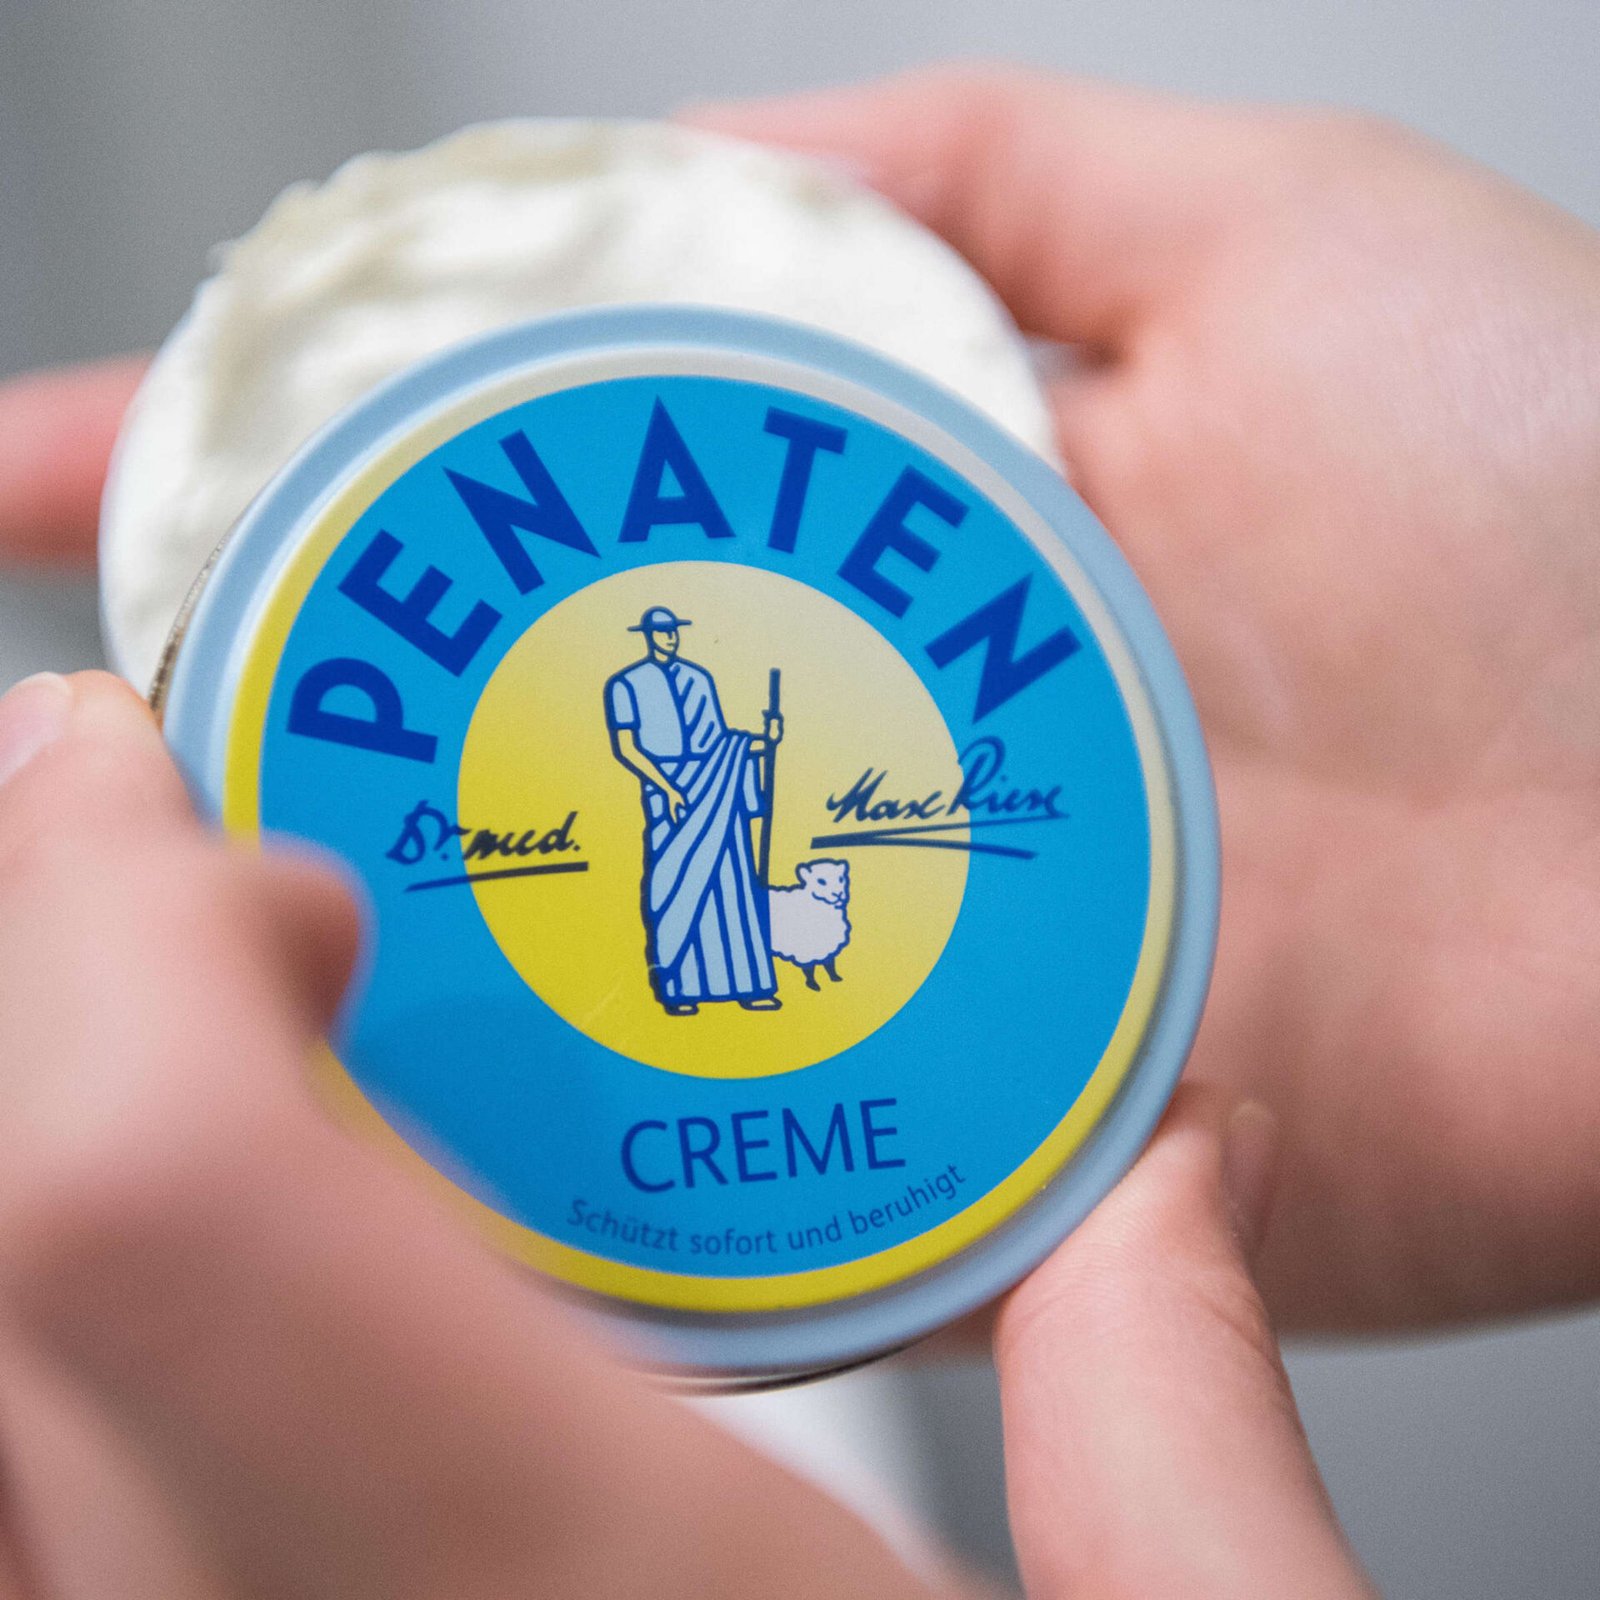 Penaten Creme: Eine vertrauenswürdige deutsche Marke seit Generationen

++++++

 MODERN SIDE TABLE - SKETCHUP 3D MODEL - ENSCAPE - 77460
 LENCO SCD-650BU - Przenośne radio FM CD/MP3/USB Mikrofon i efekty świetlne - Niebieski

++++++

### Task prompt
Please copy the lines above from the line with "MODERN SIDE TABLE" up to and including the line with "LENCO SCD-650BU - Przenośne", exactly as written and with nothing else.

### Answer section
 MODERN SIDE TABLE - SKETCHUP 3D MODEL - ENSCAPE - 77460
 LENCO SCD-650BU - Przenośne radio FM CD/MP3/USB Mikrofon i efekty świetlne - Niebieski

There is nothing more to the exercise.